Экспертизы и заключения по убитым?
Пропавшие без вести, опознанные, процедура опознания — кто этим занимался?..»
И так далее и тому подобное. Разрозненные клочки мыслей, обрывки записей, заметки на полях. Одним словом, то, что можно случайно забыть, но делать это в сложившихся обстоятельствах нельзя категорически. В целом, вот что хранилось в тетради и что вкратце произошло за все это время.
Анонимная записка, которую МВД обнаружил в книге своего погибшего друга, с высокой степенью вероятности была отпечатана на том же принтере, что и все письма убийцы в маске, а следовательно, преступник мог ее написать… только когда был уже мертв! Начальство наотрез отказывалось подшивать улику к делу, ссылаясь на недостаточность оснований и отсутствие веских доказательств. Тем более Миронов проходил по делу только как свидетель и не имел к нему никакого профессионального отношения. Повесить убийство на мертвого к тому моменту убийцу никак не получалось. И это впрямую приводило к вопросу, оставшемуся без ответа: кто такой Н? Судя по всему, во всей этой отлаженной схеме, начинались сбои. Экспертиза показала, что заряд находился под столиком, за которым сидели Миронов с другом, вероятно, в рюкзаке, начиненном поражающими элементами. Чтобы снять все подозрения с друга и откинуть версию со смертником, в которую МВД отчаянно отказывался верить, ему пришлось немного подкорректировать свои показания. Камер видеонаблюдения в баре не было, а то, что было, — муляжи с красным фонариком, купленные в ларьке по две тысячи за штуку. Дешево и сердито!

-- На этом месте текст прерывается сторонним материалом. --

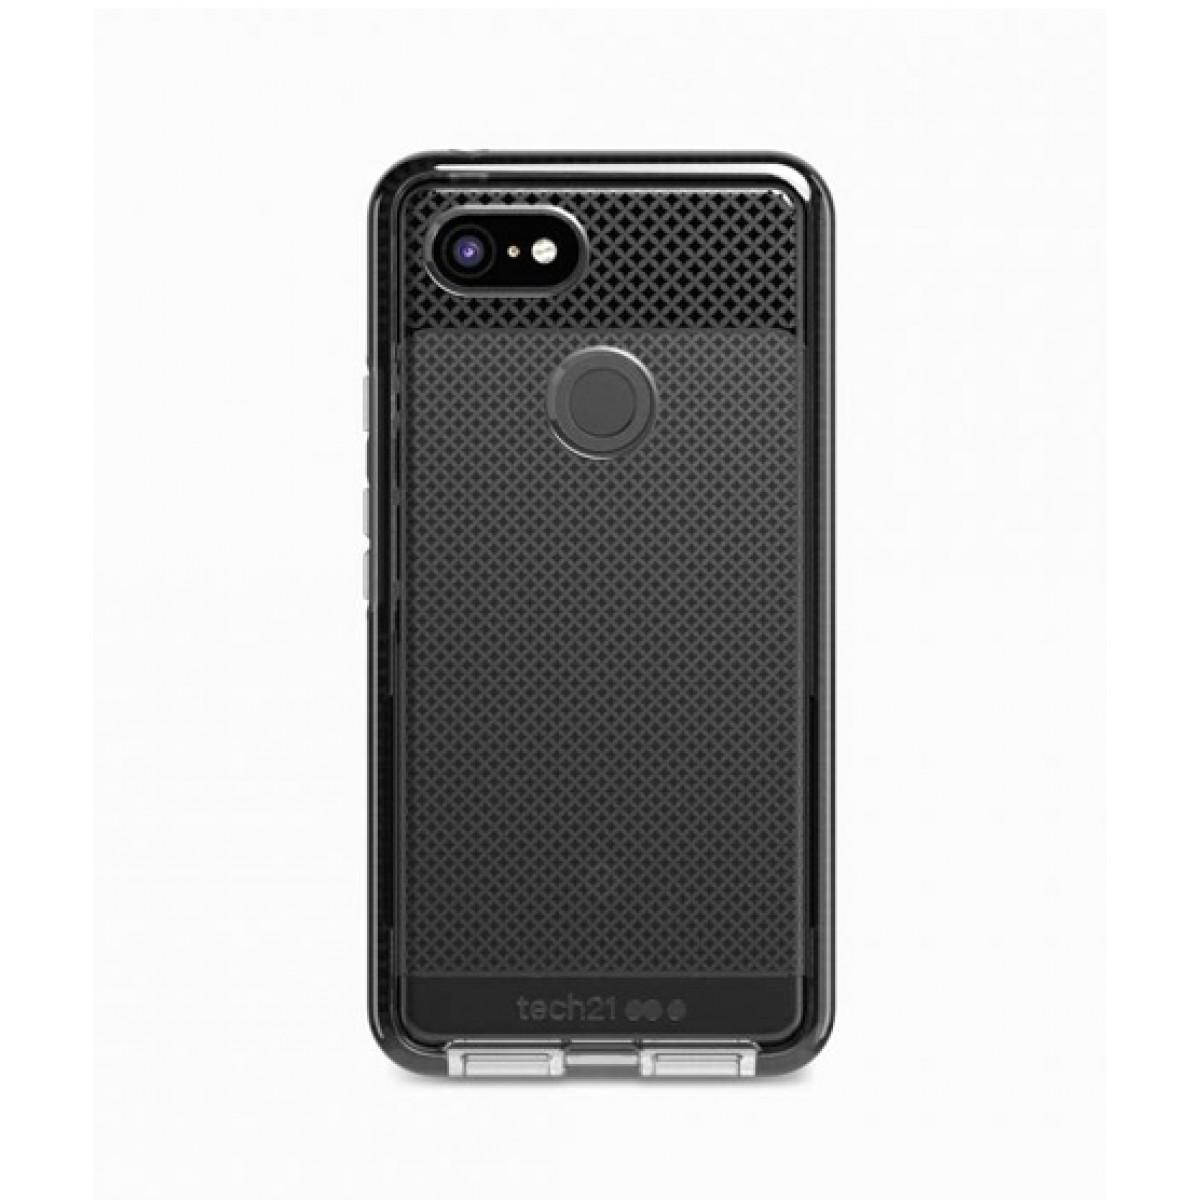 low priced f6a1b 9449c Tech21 Evo Check Smokey Black Case For Google Pixel 3 XL

Все, что удалось выяснить от оперативника Александра насчет сообщения с незнакомого номера на телефон Миронова в тот день, — это то, что оно было отправлено из бара или максимум в радиусе пятидесяти метров от него. И возможно, именно это сообщение или последующий звонок, как и любой другой, совершенный в непосредственной близости к заряду, могли привести к детонации.
Друга хоронили в закрытом гробу. Тела и вещи так разметало, что сложно было понять, кто где… Те немногие улики, которые могли пережить взрыв, уничтожил мощный пожар. То, что осталось от Лехи, выдали родным не сразу. Криминалисты и эксперты работали долго. Похороны состоялись через месяц, уже после задержания подозреваемых. Миронов помнил этот день вспышками. Вот он плачет в церкви, вот пьет с семьей за общим столом…
Тетя Зина, мать Лехи, низенькая полная женщина с большой копной крашеных рыжих кудрявых волос, находила успокоение в суете, в заботе о гостях на похоронах ее сына. Она все время сновала между стульями, нарезала все новые и новые закуски, салаты, и в какой-то момент просто села за стол, выпила стопку, опустила руки вдоль тела и, ссутулившись, уставилась куда-то в пустоту. Она не плакала, не могла. Может, не умела…
— Это я виноват, тетя Зина, — тихо себе под нос начал изрядно подвыпивший Миронов. — Я был рядом, я накликал беду…
Он упал ей на грудь и начал тайком тихонько всхлипывать, а она спокойно приобняла его голову обеими руками и, как с малышом на руках, начала раскачиваться взад-вперед.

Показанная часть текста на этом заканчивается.